Мальчик лежит задумчиво-печальный, устремив взор вверх. Лицо у него обиженное и, как мне кажется, совсем безучастное, словно наш разговор его ничуть не касается.
Я рассматриваю на карте синие линии — эшелонированную в глубину оборону немцев — и, представив себе, как она выглядит в действительности, тихонько спрашиваю:
— Слушай, а удачно ли выбрано место перехода? Неужто на фронте армии нет участка, где оборона противника не так плотна? Неужто в ней нет «слабины», разрывов, допустим, на стыках соединений?
Холин, прищурив карие глаза, смотрит на меня насмешливо.
— Вы в подразделениях дальше своего носа ничего не видите! — заявляет он с некоторым пренебрежением. — Вам все кажется, что против вас основные силы противника, а на других участках слабенькое прикрытие, так, для видимости! Неужели же ты думаешь, что мы не выбирали или соображаем меньше твоего?.. Да если хочешь знать, тут у немцев по всему фронту напихано столько войск, что тебе и не снилось! И за стыками они смотрят в оба — дурей себя не ищи: глупенькие да-авно перевелись! Глухая, плотная оборона на десятки километров, — невесело вздыхает Холин. — Чудак-рыбак, тут все не раз продумано.
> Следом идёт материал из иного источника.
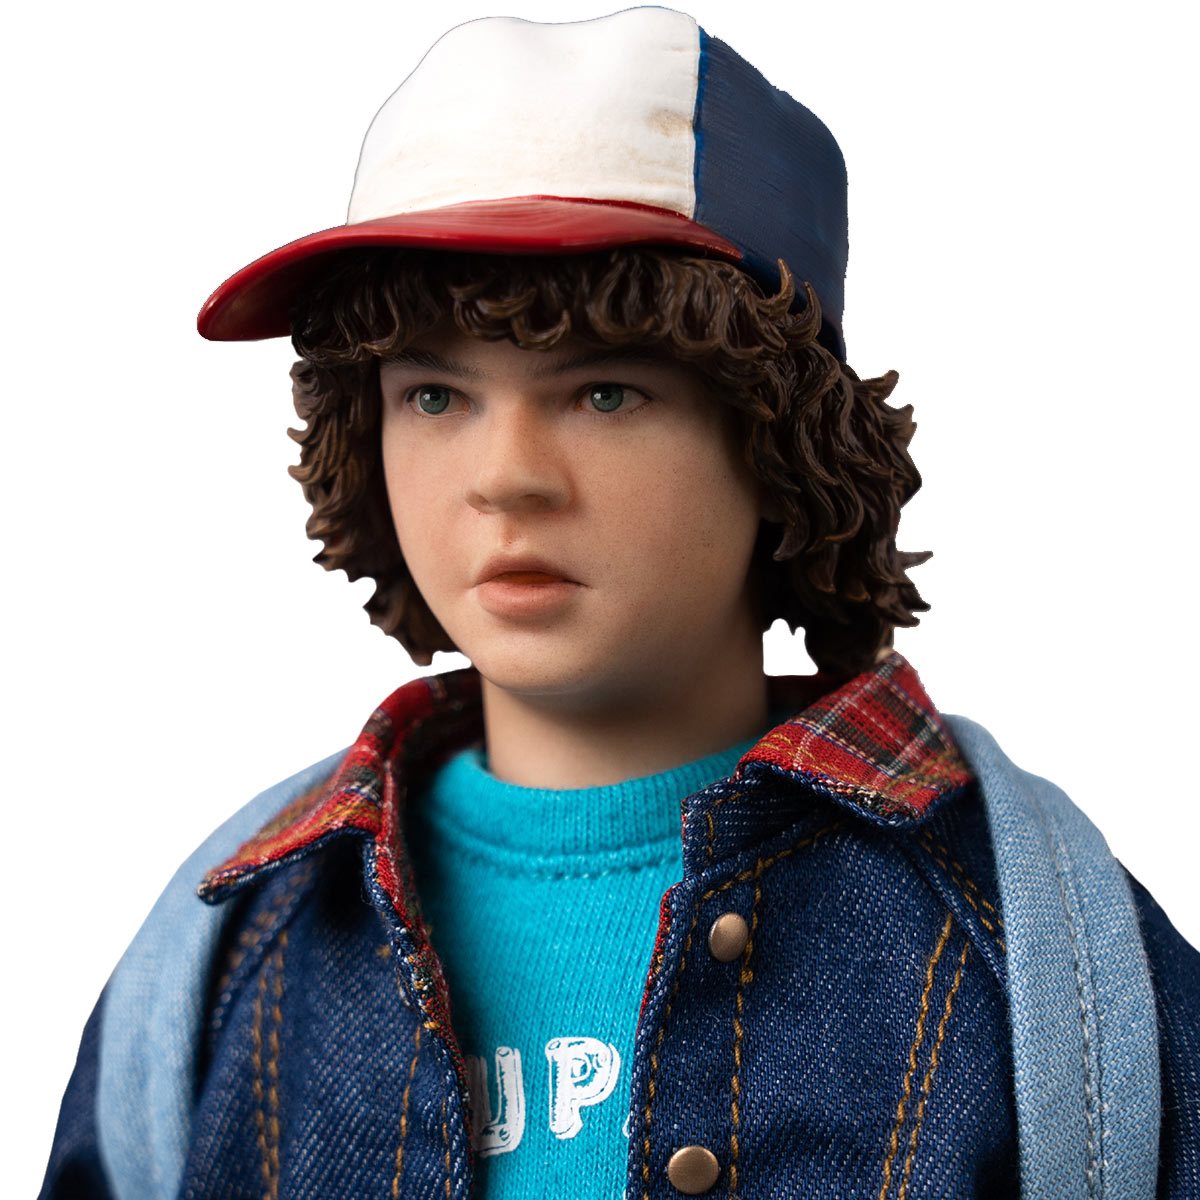 Threezero Stranger Things: Will Byers 1:6 Scale Collectible Figure

В таком деле с кондачка не действуют, учти!..
Он встает и, подсев к мальчику на нары, вполголоса и, как я понимаю, не в первый раз инструктирует его:
— …В овраге держись самого края. Помни: весь низ минирован… Чаще прислушивайся. Замирай и прислушивайся!.. По траншеям ходят патрули, значит, подползешь и выжидай!.. Как патруль пройдет — через траншею и двигай дальше…
Я звоню командиру пятой роты Гущину и, сообщив ему, что он остается за меня, отдаю необходимые распоряжения. Положив трубку, я снова слышу тихий голос Холина:
— …будешь ждать в Федоровке… На рожон не лезь! Главное, будь осторожен!
— Ты думаешь, это просто — быть осторожным? — с едва уловимым раздражением спрашивает мальчик.
— Знаю! Но ты будь! И помни всегда: ты не один! Помни: где бы ты ни был, я все время думаю о тебе. И подполковник тоже…
— А Катасоныч уехал и не зашел, — с чисто детской непоследовательностью говорит мальчик обидчиво.
— Я же тебе сказал: он не мог! Его вызвали по тревоге. Иначе бы… Ты ведь знаешь, как он тебя любит! Ты же знаешь, что у него никого нет и ты ему дороже всех! Ведь знаешь?
— Знаю, — шмыгнув носом, соглашается мальчик, голос его дрожит. — Но все же мог забежать…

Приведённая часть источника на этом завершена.